» Exercise description: Print out each record below, unaltered and complete, without its images.

» Records contained in a dataset:
========================================

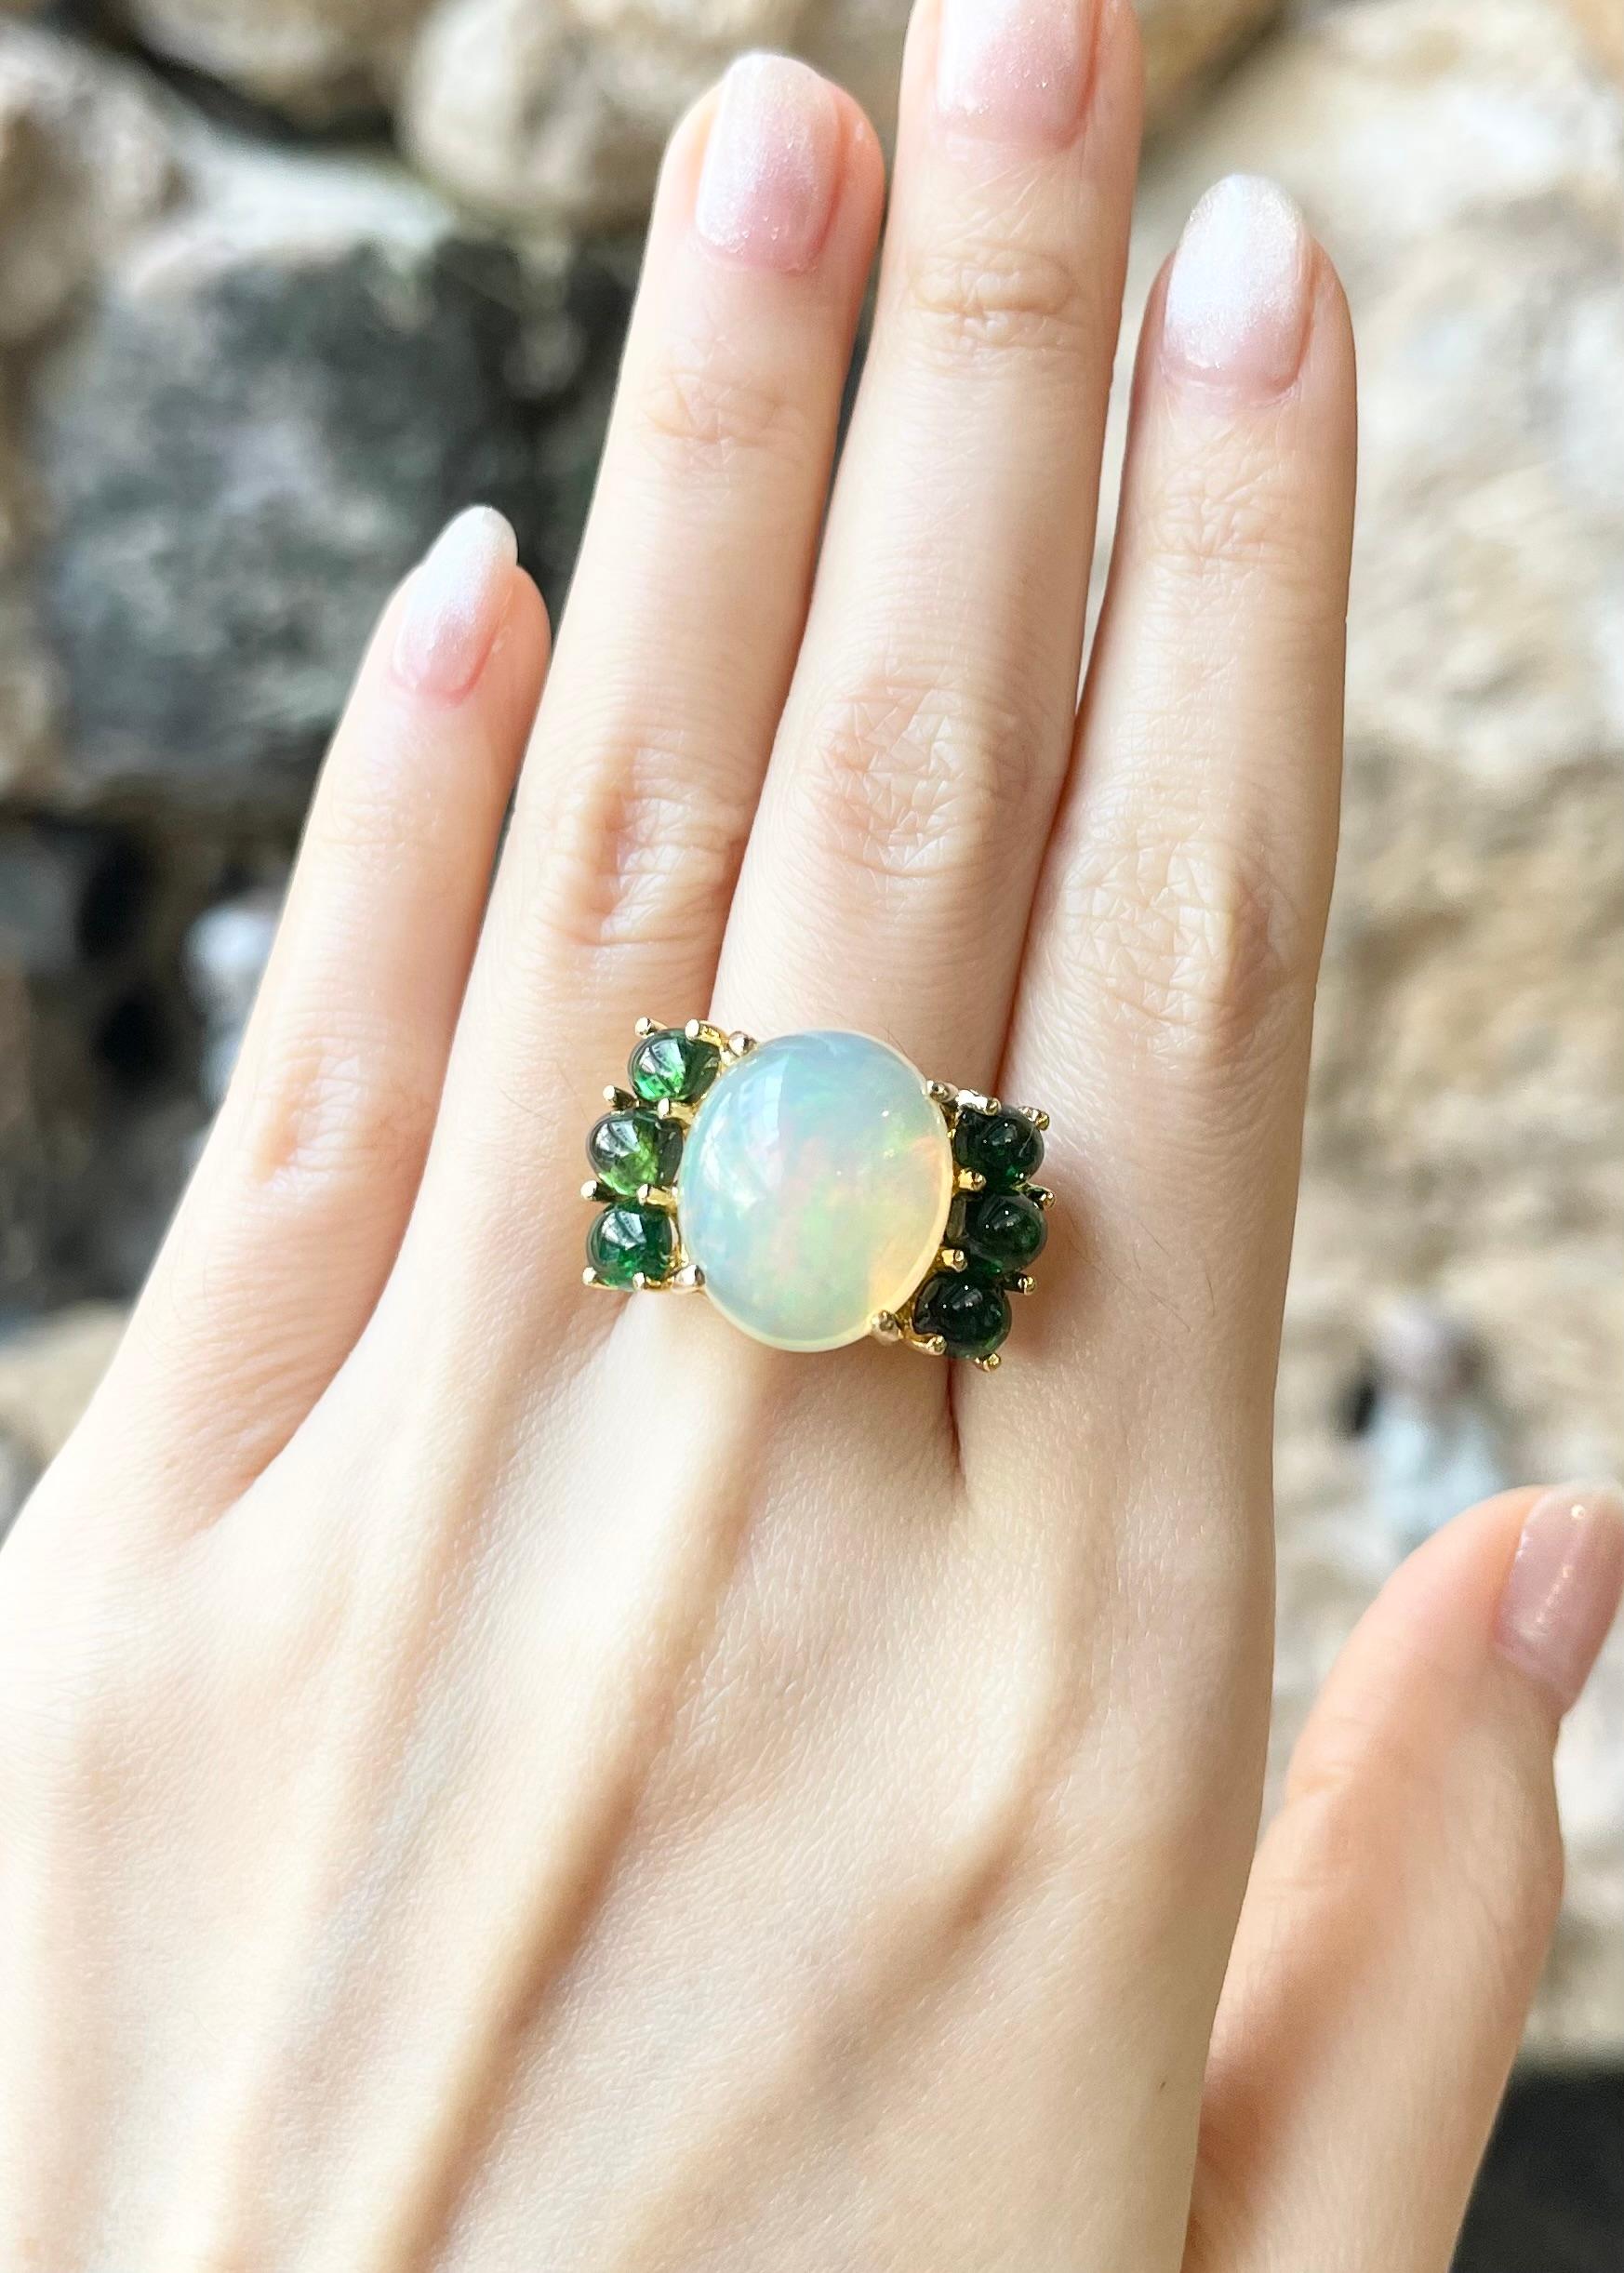 Opal 9.79 carats with Green Tourmaline 4.43 carat Ring set in 18K Gold Settings

Width:  2.5 cm 
Length: 1.5 cm
Ring Size: 53
Total Weight: 11.35 grams

========================================

» The answer:
 Opal 9.79 carats with Green Tourmaline 4.43 carat Ring set in 18K Gold Settings

Width:  2.5 cm 
Length: 1.5 cm
Ring Size: 53
Total Weight: 11.35 grams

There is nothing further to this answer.